Everything from the line that holds "Ford Explorer Questions" through the end of the listing below must be retyped word for word, without any pictures.

**Data block:**
++++++++++++++++++++
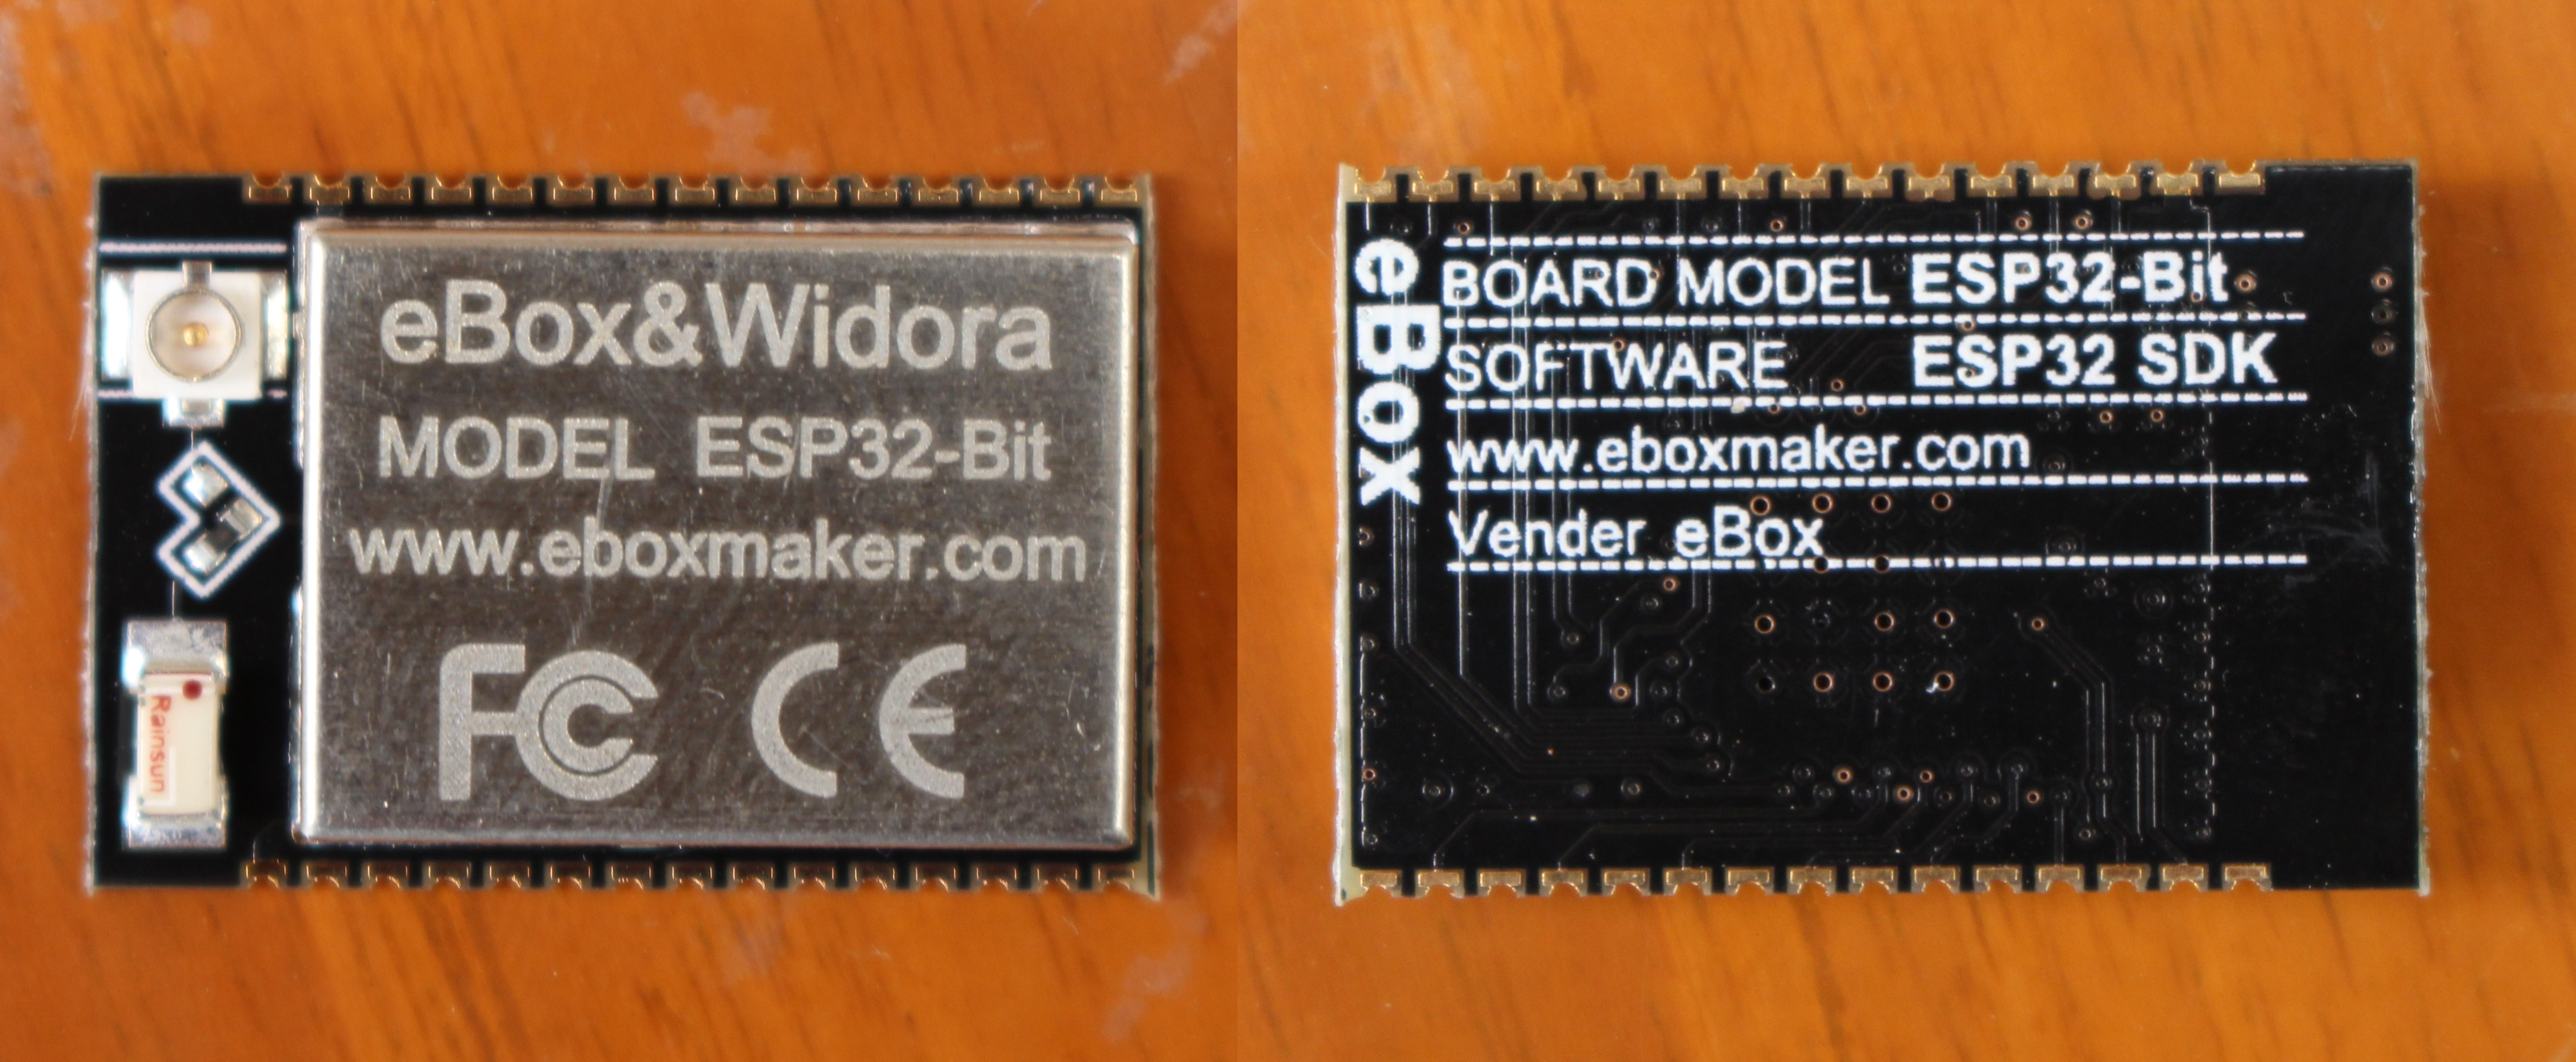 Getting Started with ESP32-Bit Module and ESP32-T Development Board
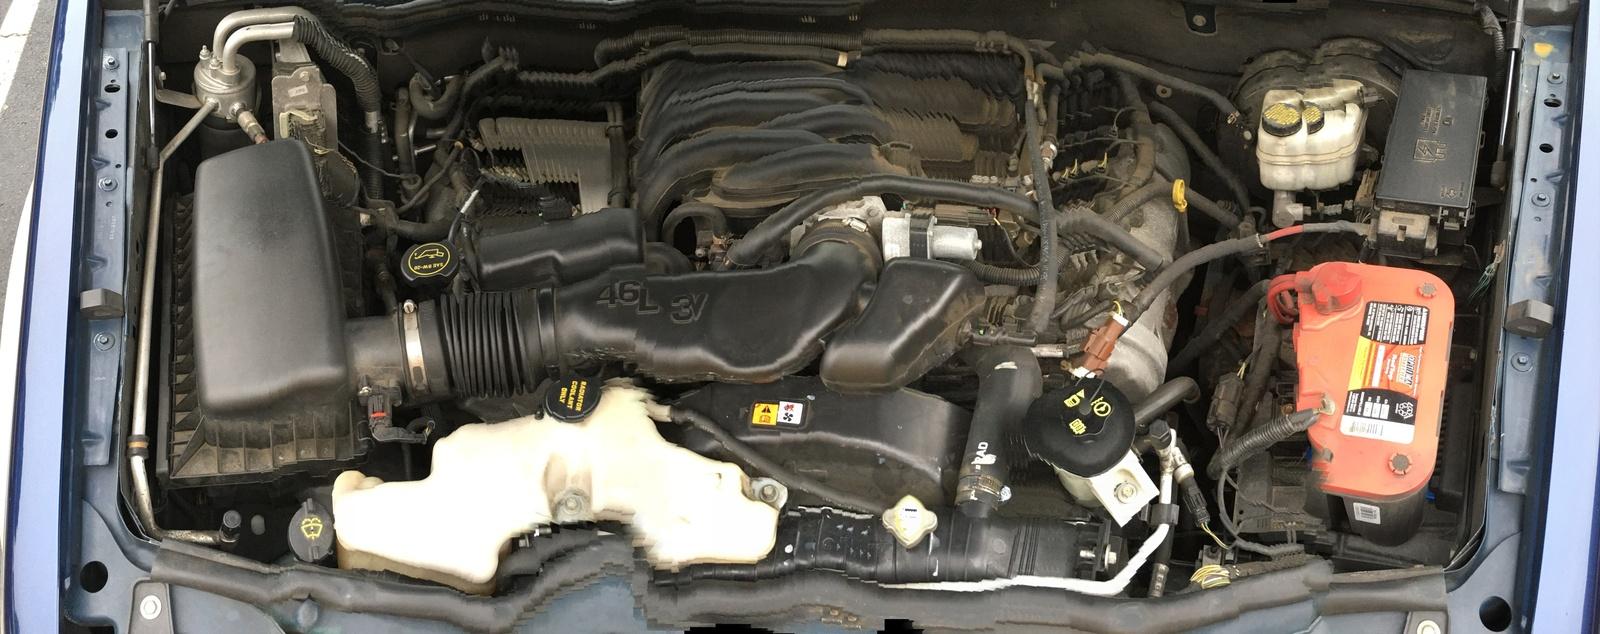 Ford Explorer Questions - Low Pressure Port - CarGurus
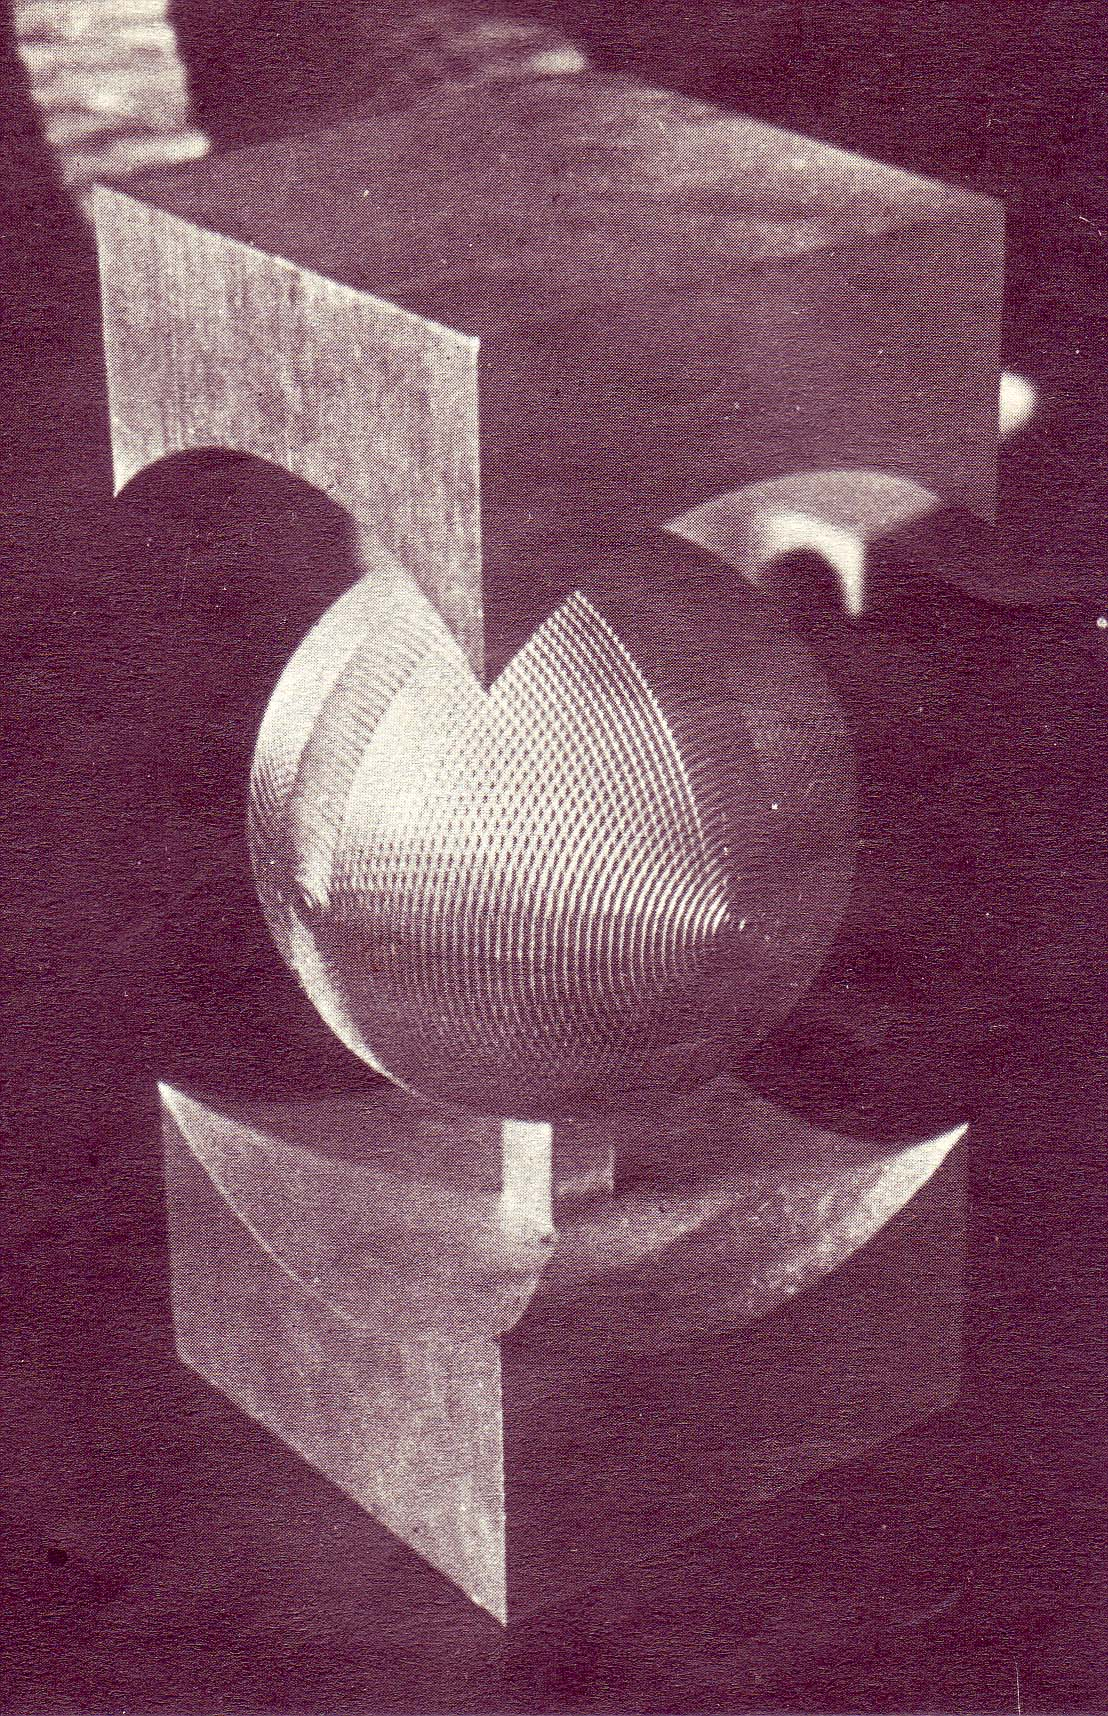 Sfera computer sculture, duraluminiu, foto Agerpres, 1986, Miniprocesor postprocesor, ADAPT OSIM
++++++++++++++++++++
**Reply:**
 Ford Explorer Questions - Low Pressure Port - CarGurus
 Sfera computer sculture, duraluminiu, foto Agerpres, 1986, Miniprocesor postprocesor, ADAPT OSIM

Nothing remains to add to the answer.